===== Data for this exercise

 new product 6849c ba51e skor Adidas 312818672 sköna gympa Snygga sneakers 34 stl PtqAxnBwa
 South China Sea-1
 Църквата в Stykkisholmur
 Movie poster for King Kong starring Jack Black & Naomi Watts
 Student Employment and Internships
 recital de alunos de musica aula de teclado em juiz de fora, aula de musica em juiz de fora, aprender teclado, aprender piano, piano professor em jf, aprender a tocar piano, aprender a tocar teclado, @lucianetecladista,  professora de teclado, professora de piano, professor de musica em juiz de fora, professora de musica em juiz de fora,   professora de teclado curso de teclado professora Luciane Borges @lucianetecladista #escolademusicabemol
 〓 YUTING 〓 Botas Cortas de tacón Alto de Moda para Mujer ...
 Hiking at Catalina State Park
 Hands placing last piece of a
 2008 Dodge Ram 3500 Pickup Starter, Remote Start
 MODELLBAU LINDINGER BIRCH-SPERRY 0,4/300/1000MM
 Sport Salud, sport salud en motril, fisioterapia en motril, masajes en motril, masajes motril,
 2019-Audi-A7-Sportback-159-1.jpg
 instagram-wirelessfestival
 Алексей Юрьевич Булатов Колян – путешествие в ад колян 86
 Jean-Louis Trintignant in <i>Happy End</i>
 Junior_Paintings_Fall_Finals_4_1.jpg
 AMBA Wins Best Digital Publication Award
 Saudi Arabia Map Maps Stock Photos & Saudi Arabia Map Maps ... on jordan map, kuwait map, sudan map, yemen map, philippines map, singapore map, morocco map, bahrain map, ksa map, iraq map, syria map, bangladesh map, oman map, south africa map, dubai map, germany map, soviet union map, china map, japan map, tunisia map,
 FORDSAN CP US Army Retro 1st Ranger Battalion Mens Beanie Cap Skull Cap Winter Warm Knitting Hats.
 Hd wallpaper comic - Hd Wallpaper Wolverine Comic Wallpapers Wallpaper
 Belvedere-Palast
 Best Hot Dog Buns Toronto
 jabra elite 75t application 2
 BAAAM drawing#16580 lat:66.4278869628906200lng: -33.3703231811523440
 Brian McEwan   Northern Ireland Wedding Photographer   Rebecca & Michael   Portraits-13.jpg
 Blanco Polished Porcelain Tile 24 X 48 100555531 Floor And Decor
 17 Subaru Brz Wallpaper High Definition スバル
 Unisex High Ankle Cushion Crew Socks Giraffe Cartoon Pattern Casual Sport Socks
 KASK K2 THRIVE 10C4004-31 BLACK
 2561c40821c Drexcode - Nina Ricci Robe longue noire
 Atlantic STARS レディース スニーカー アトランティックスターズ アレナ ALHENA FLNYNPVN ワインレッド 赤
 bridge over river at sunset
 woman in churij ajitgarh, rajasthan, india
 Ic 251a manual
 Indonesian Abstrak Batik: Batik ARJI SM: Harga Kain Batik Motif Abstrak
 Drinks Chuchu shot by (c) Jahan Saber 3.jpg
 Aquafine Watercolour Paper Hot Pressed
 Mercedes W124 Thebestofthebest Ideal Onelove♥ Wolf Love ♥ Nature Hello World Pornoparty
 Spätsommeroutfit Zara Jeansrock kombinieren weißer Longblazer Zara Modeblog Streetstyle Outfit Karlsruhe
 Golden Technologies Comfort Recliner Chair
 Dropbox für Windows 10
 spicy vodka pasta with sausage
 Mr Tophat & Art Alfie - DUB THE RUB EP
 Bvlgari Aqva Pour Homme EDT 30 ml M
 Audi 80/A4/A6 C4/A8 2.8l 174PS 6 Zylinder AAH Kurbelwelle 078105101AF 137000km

==========

■ Task to carry out: Copy every line in the records above that contains the word "High".

■ Result for this task:
 17 Subaru Brz Wallpaper High Definition スバル
 Unisex High Ankle Cushion Crew Socks Giraffe Cartoon Pattern Casual Sport Socks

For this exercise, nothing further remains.